Copy the records below exactly, starting at the line that contains "Sau loạt ảnh" and ending at the line that contains "фото main Зимние"; leave out any pictures.

─── Material for this exercise

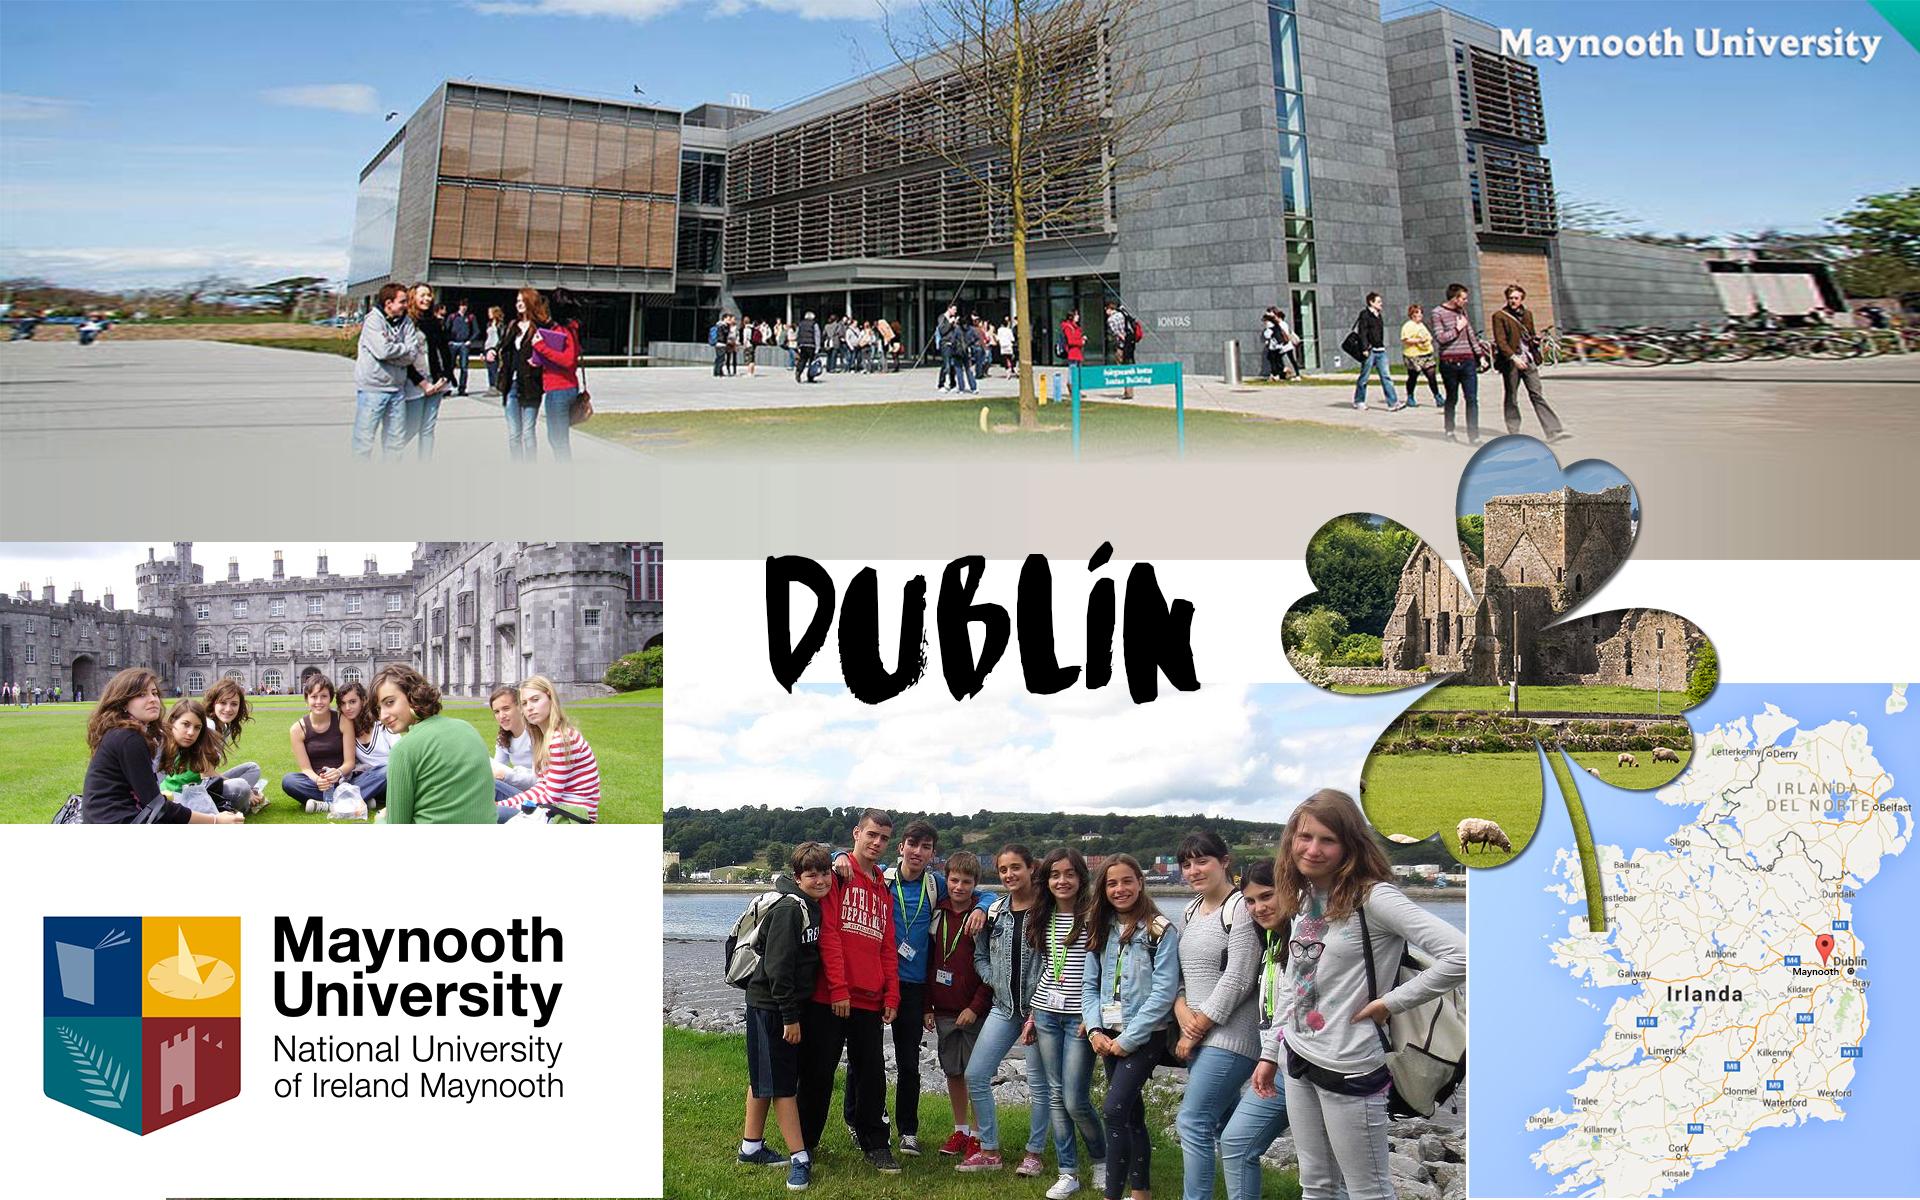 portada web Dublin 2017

──────
─── Material for this exercise

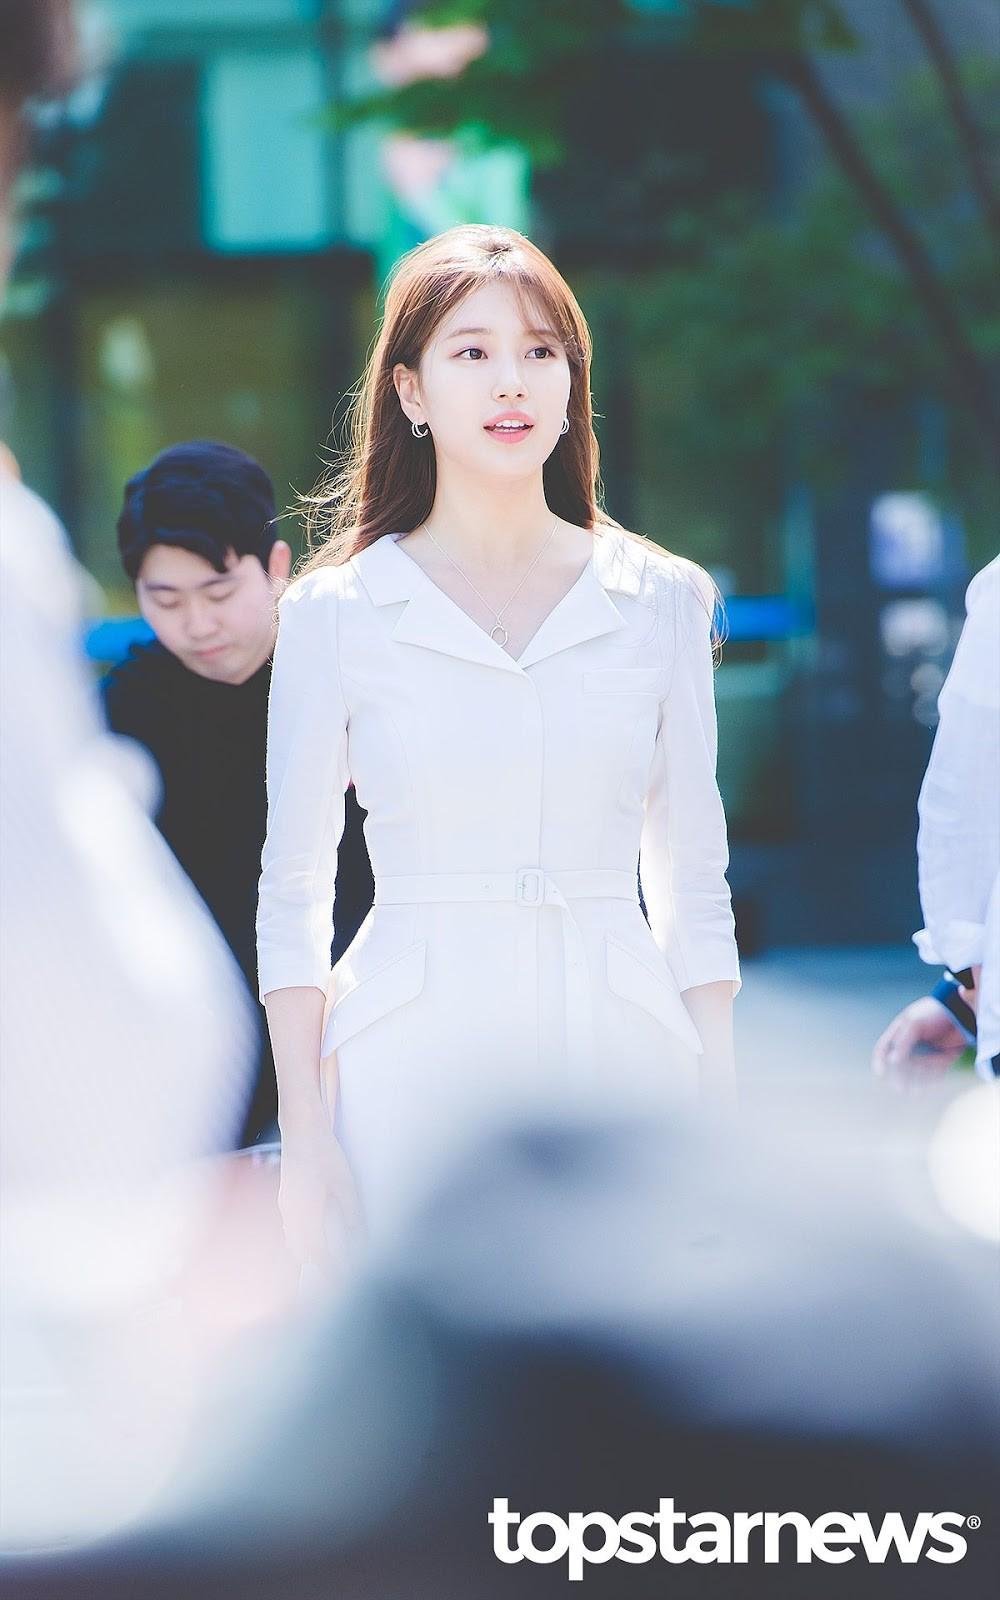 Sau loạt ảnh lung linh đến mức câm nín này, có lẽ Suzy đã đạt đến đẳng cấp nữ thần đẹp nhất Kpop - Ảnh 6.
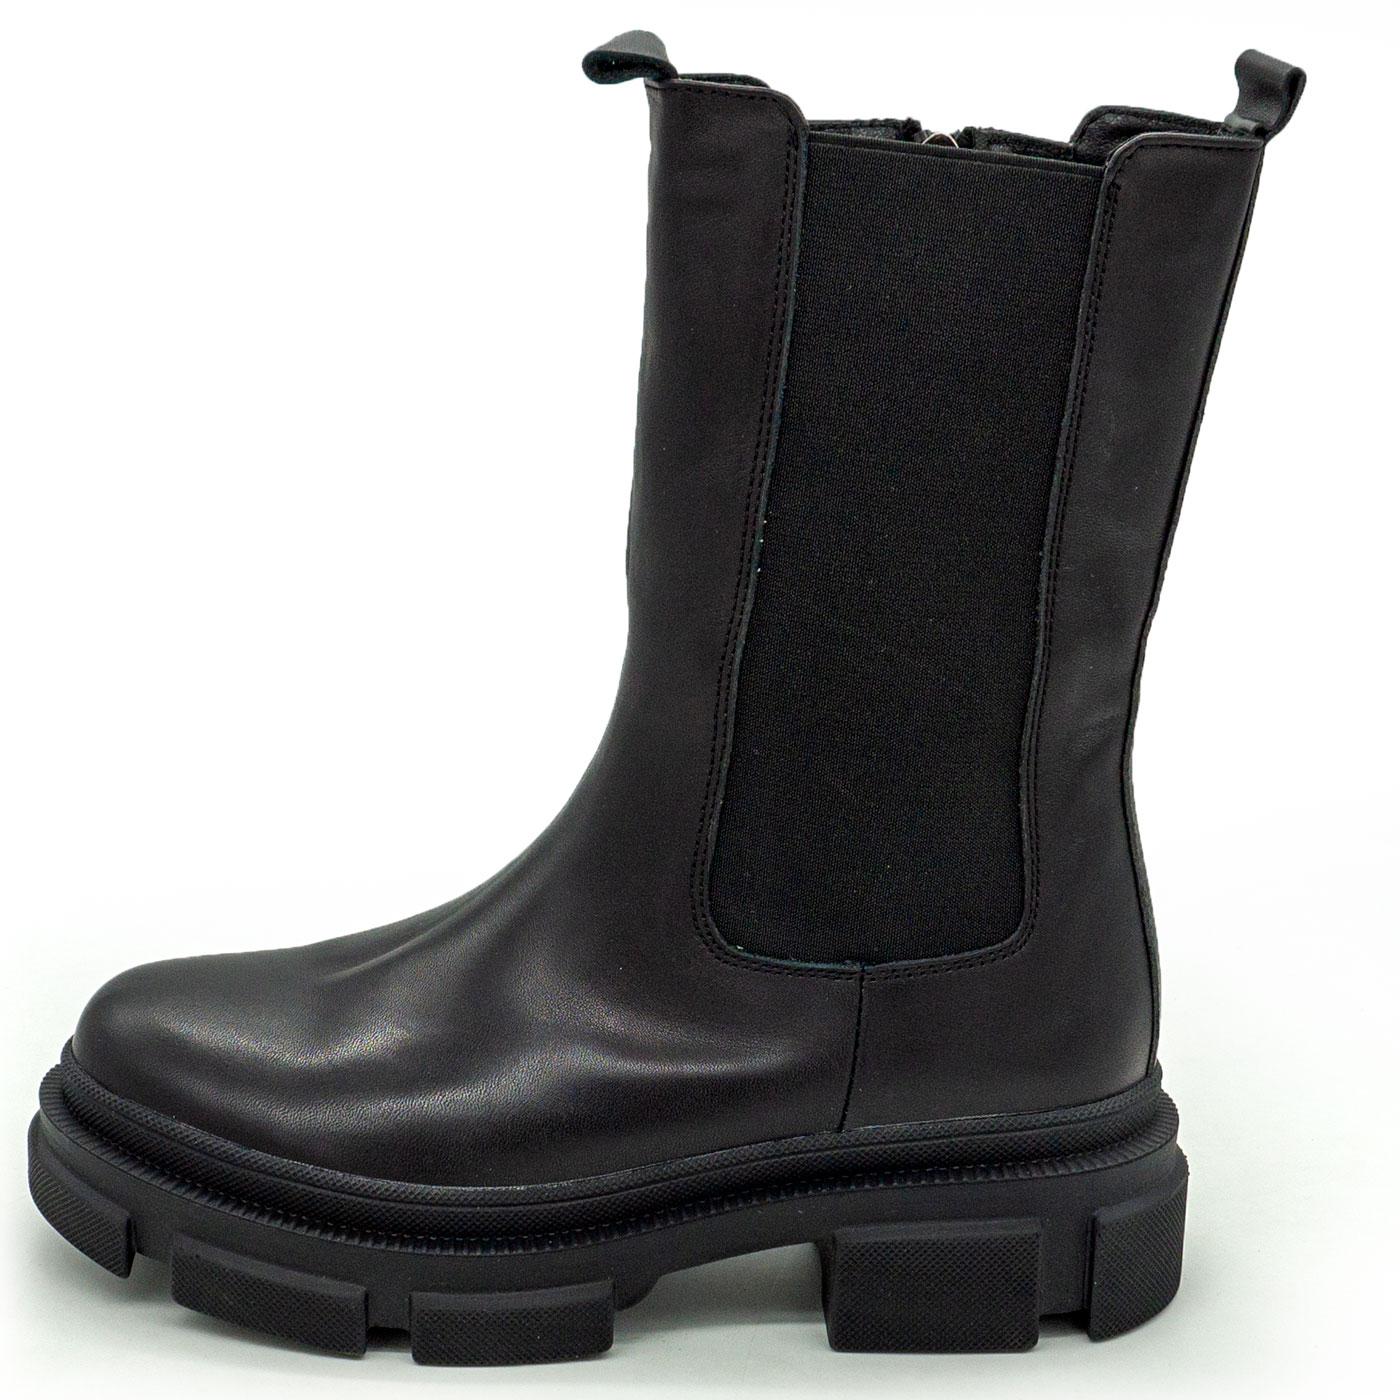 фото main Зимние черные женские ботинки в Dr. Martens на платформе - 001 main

──────

[Expected answer]
 Sau loạt ảnh lung linh đến mức câm nín này, có lẽ Suzy đã đạt đến đẳng cấp nữ thần đẹp nhất Kpop - Ảnh 6.
 фото main Зимние черные женские ботинки в Dr. Martens на платформе - 001 main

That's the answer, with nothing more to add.